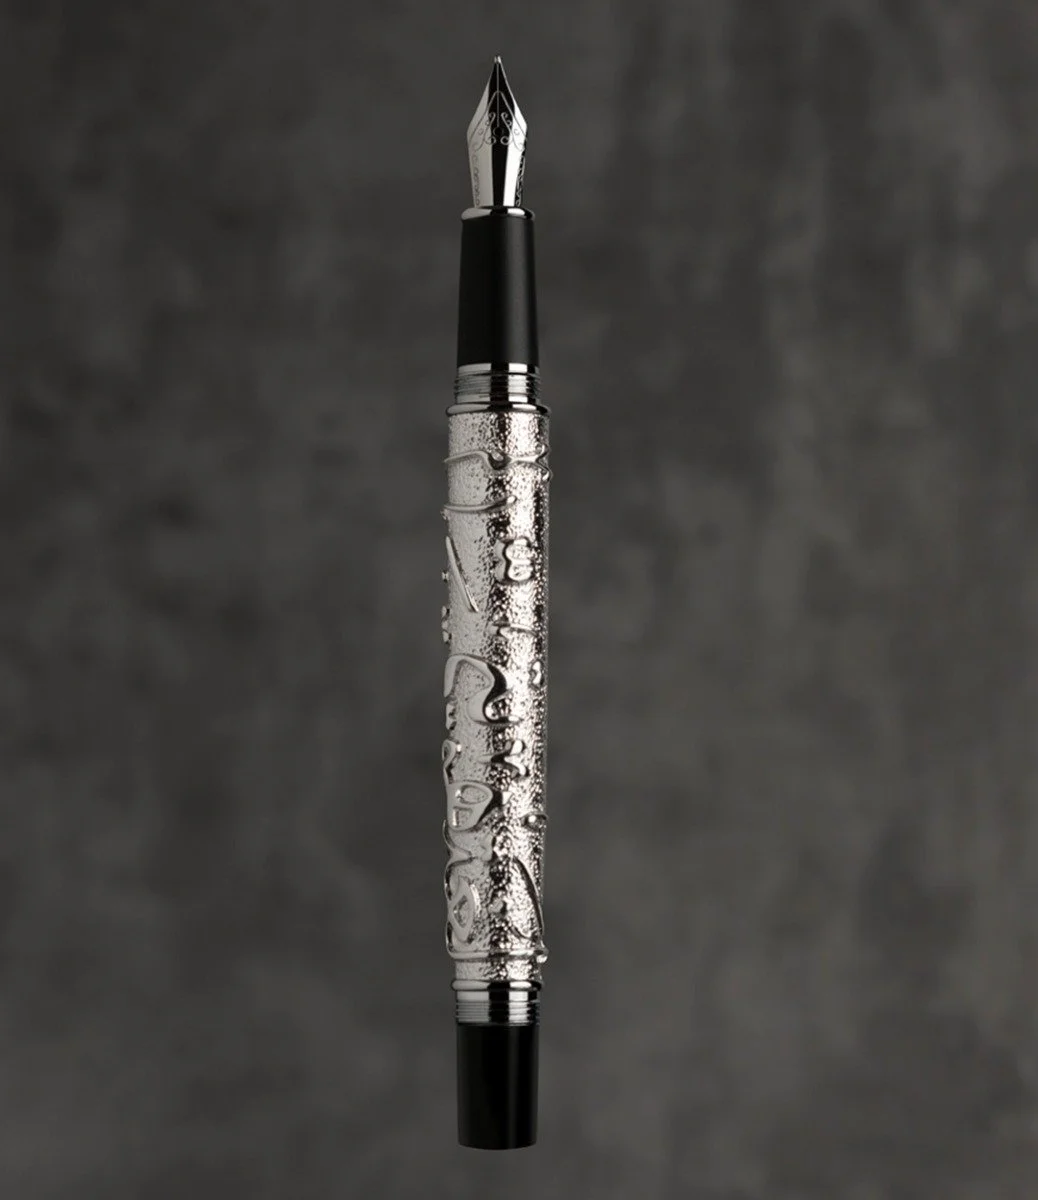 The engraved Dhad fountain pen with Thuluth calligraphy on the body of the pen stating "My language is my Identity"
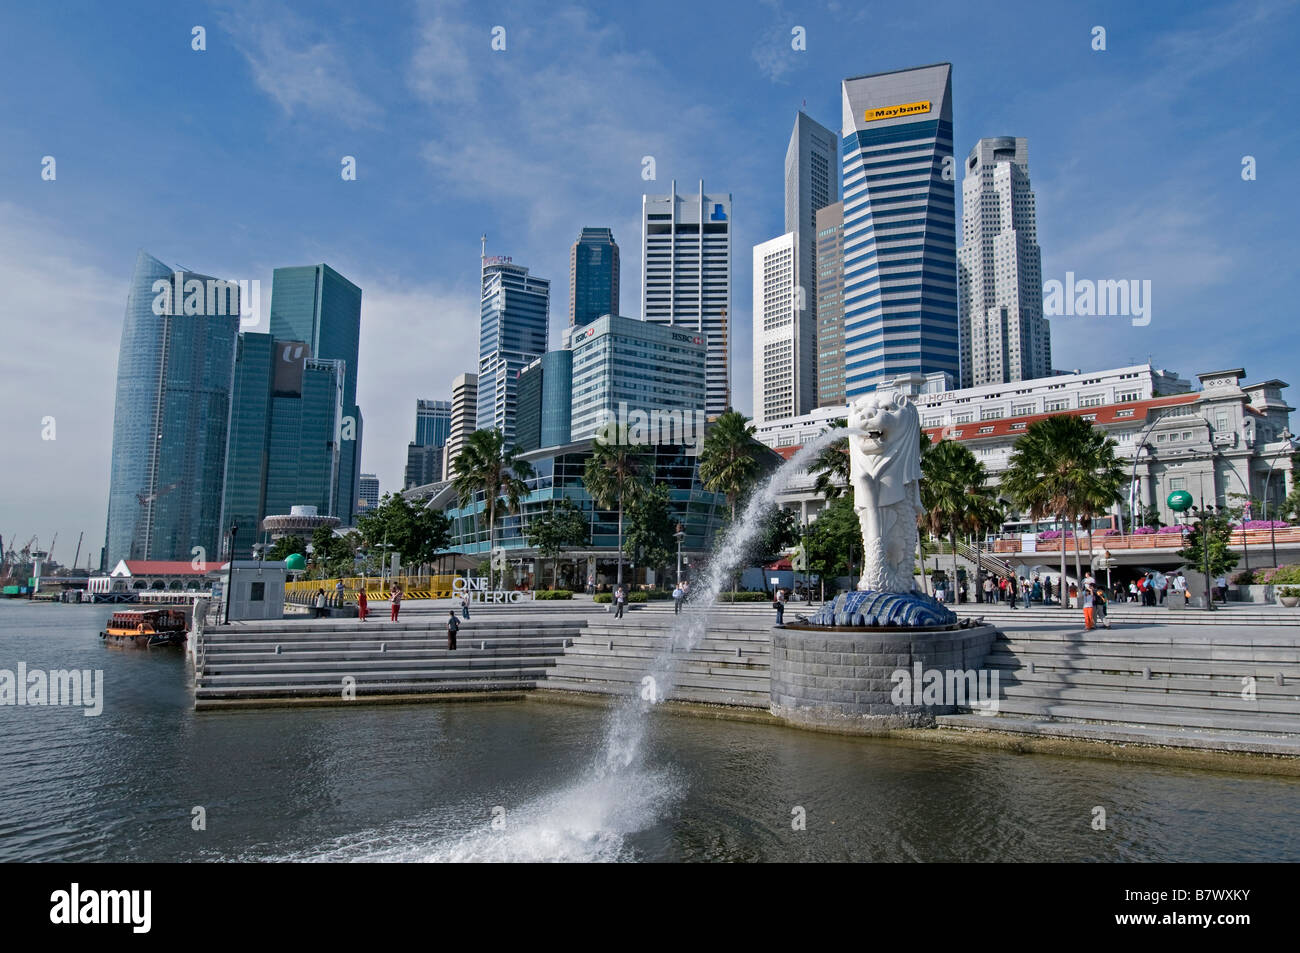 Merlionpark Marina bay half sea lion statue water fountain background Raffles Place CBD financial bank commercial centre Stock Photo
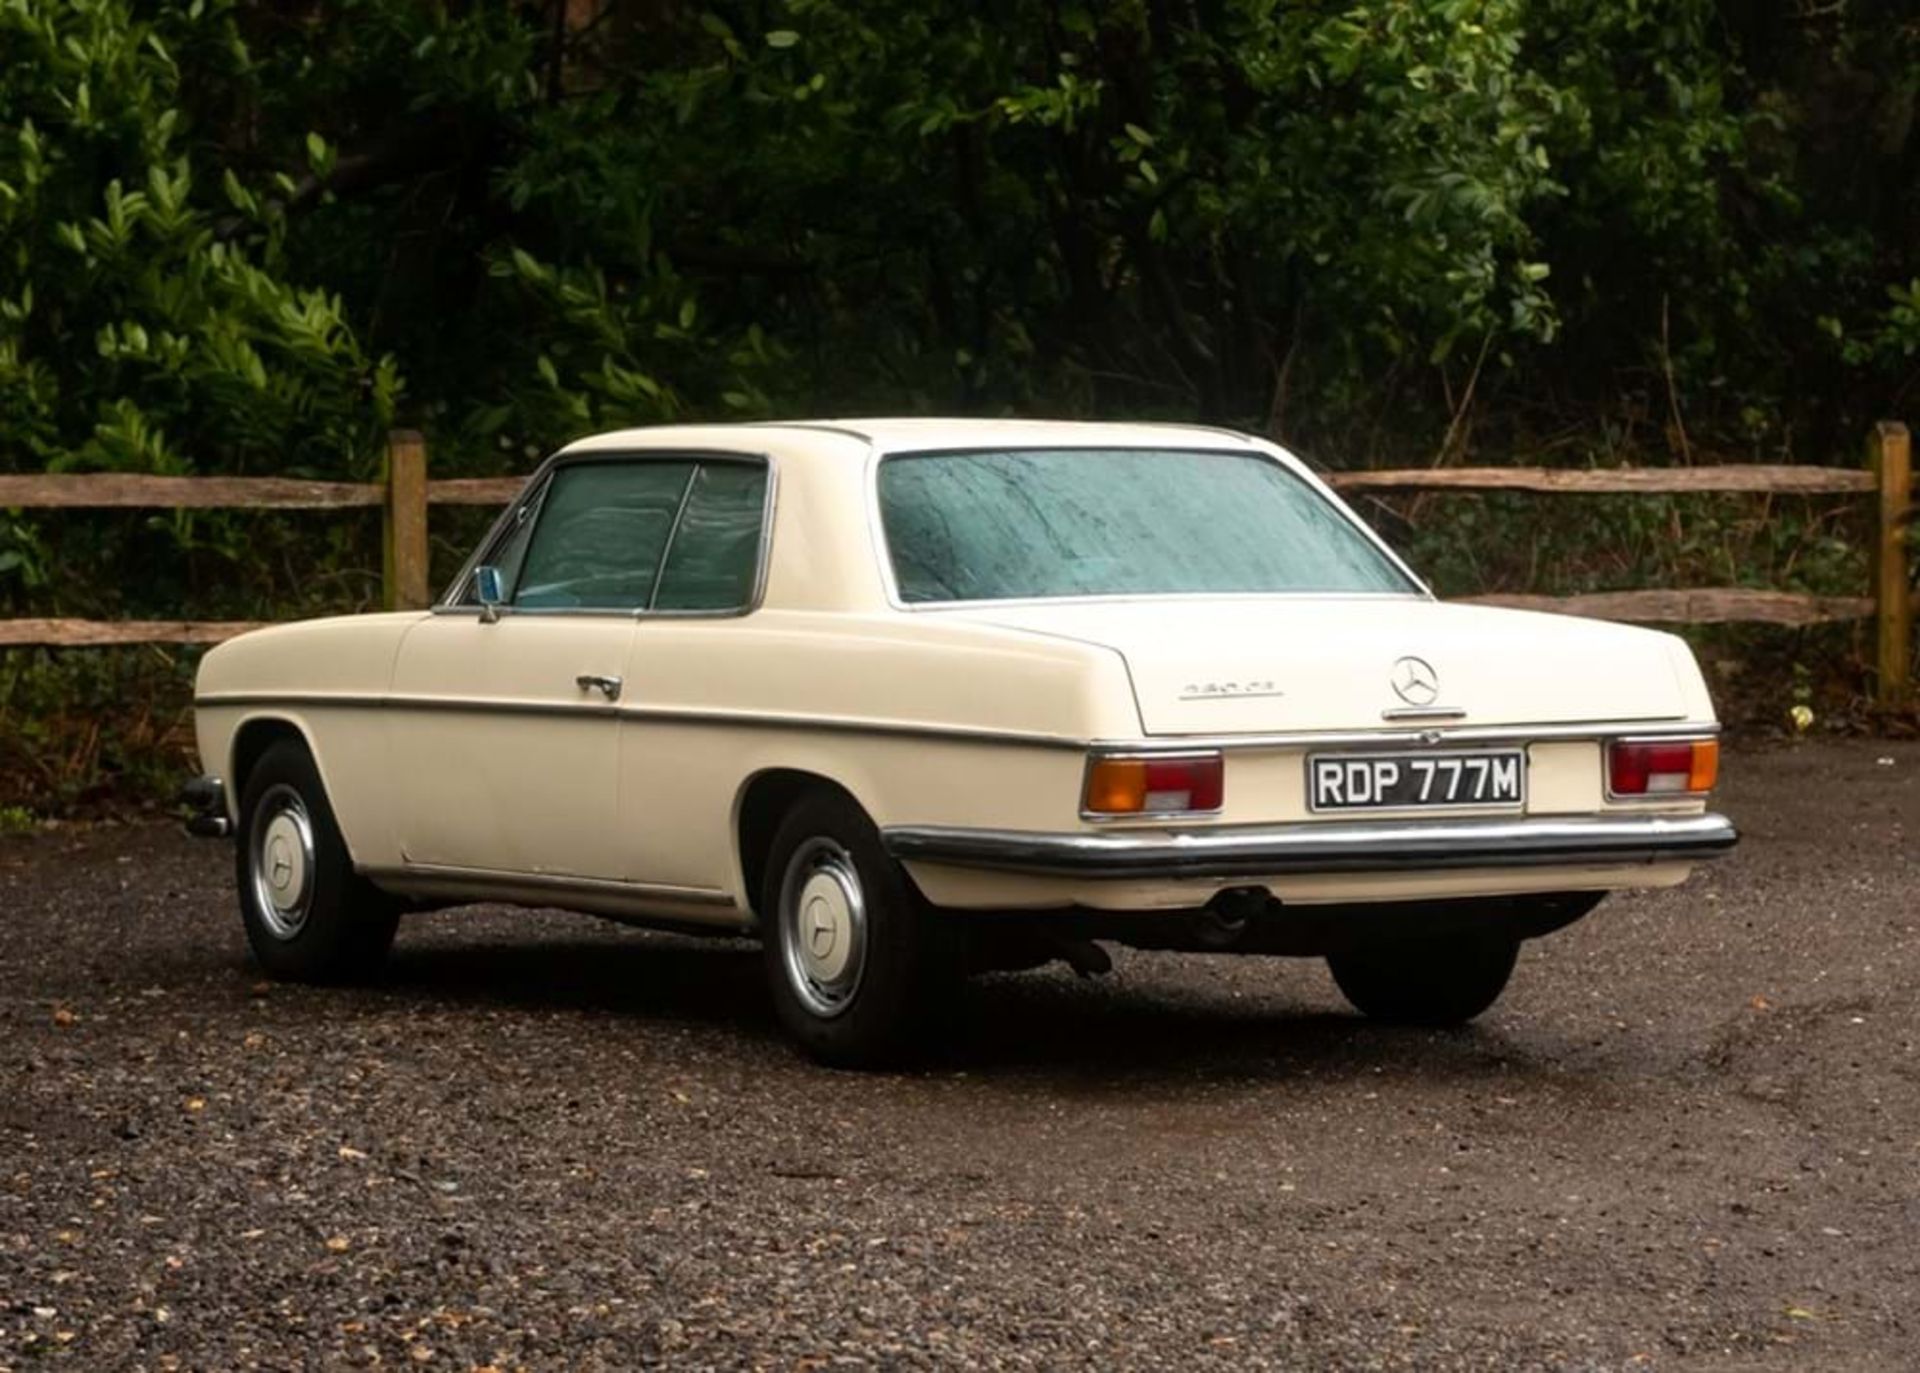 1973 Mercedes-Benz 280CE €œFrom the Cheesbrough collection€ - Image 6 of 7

● ● ● ● ● ● ●

→ **EXERCISE DIRECTIONS**
Please copy the lines above exactly as written, apart from any pictures.

→ **TASK OUTPUT**
 The engraved Dhad fountain pen with Thuluth calligraphy on the body of the pen stating "My language is my Identity"
 Merlionpark Marina bay half sea lion statue water fountain background Raffles Place CBD financial bank commercial centre Stock Photo
 1973 Mercedes-Benz 280CE €œFrom the Cheesbrough collection€ - Image 6 of 7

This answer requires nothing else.